The official Justice Department report into the May 24, 2002 mass shooting at Robb Elementary School in Uvalde, Texas, finds police at fault for “cascading failures” in their response to a gunman who killed 19 children and two adults. The report says police waited far too long to confront the gunman and acted with “no urgency” to deal with him. Moreover, law enforcement officials “repeatedly communicated inaccurate information” to families, trying to spread blame and claim glory.

[the report] catalogs a sweeping array of training, communication, leadership and technology problems that federal officials say contributed to the crisis lasting far longer than necessary. All the while, the report says, terrified students inside the classrooms called 911 and agonized parents begged officers to go in.

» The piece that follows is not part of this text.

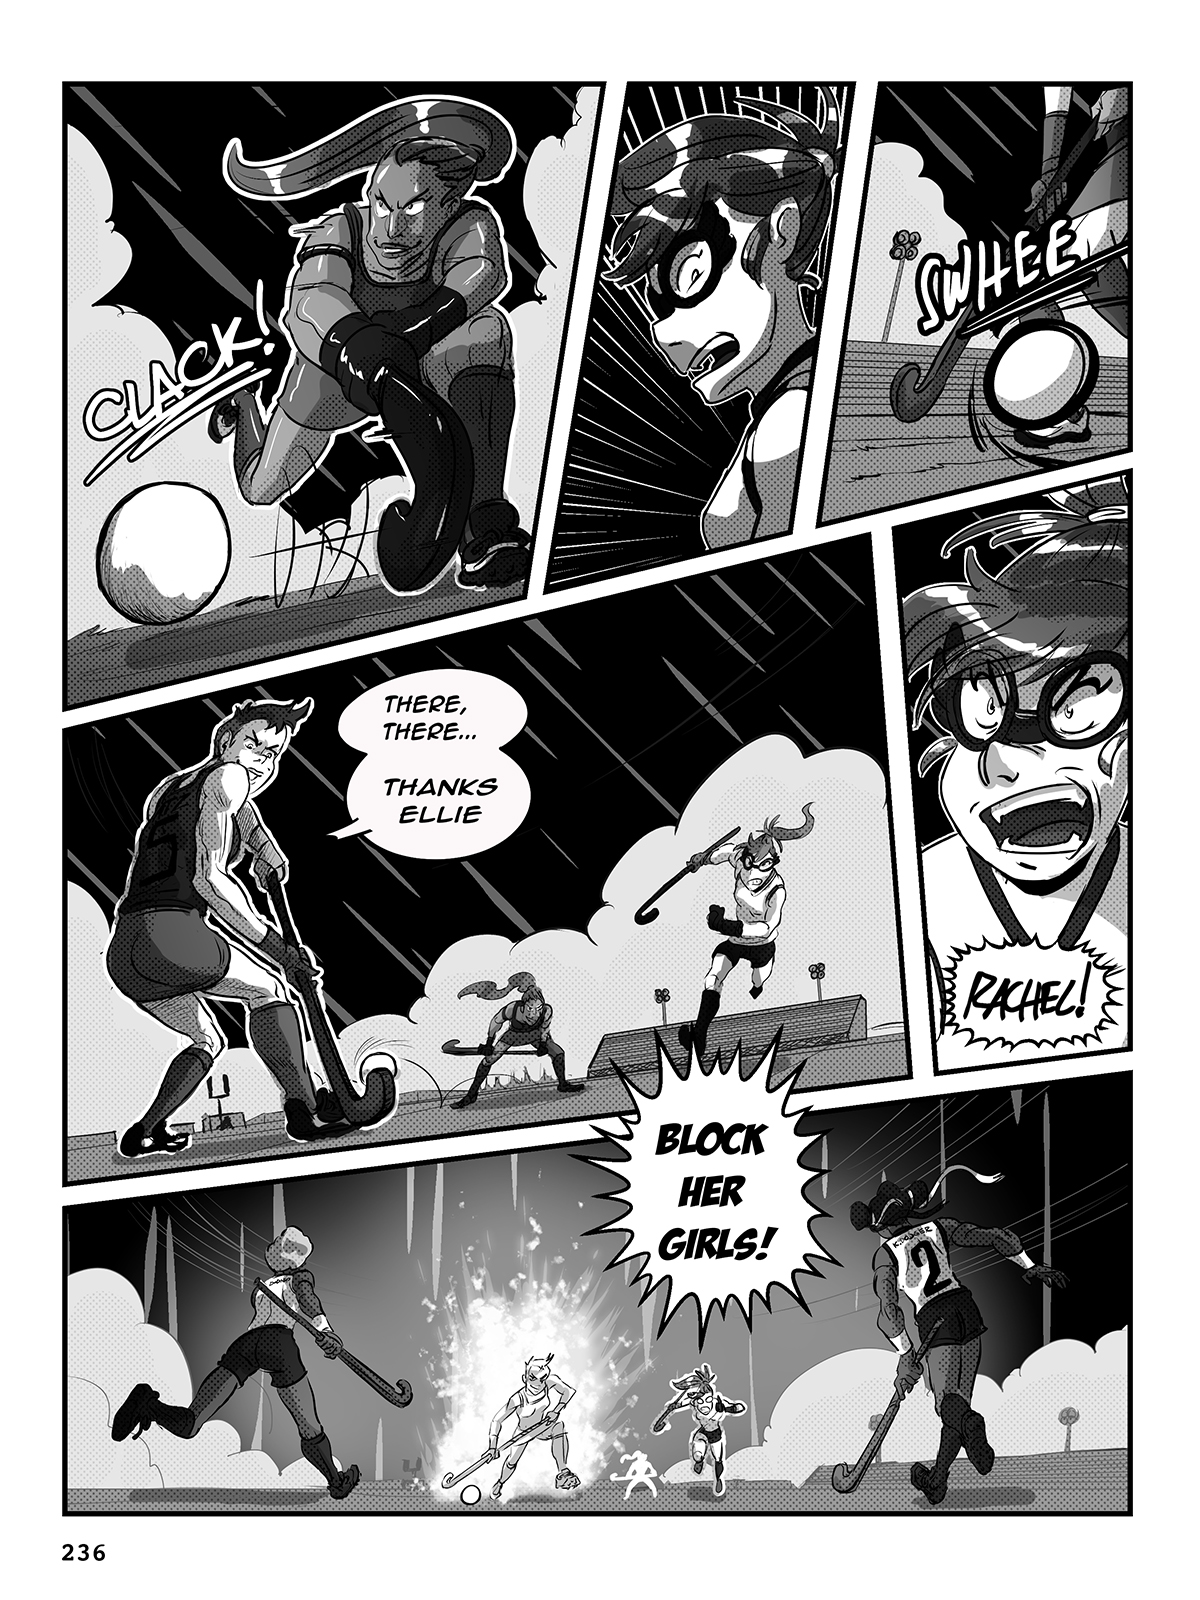 Hockey, Love, & GUTS! – Chapter 9 – Page 236

“I told the families gathered last night what I hope is clear among the hundreds of pages and thousands of details in this report: Their loved ones deserved better,” Attorney General Merrick Garland said at a news conference in Uvalde on Thursday after briefing family members on the Justice Department’s findings. …

“An active shooter with access to victims should never be considered and treated as a barricaded subject,” the report says, with the word “never” emphasized in italics.

The police refused to go in because they decided their own safety was more important than the lives of children, and they made unwarranted assumptions (for example that the shooter was barricaded) that let them pretend they were in significant danger. It’s the inevitable dead end of decades of cultlike policing training and policy built around fantasies—and of political priorities that demands that police have no real duties, no real liabilities and no real accountability. There’s not much you can do about it except read this 610-page Uvalde report and go pound sand.

Feds eventually turned up and killed the gunman after 77 minutes of officious cowering by the locals.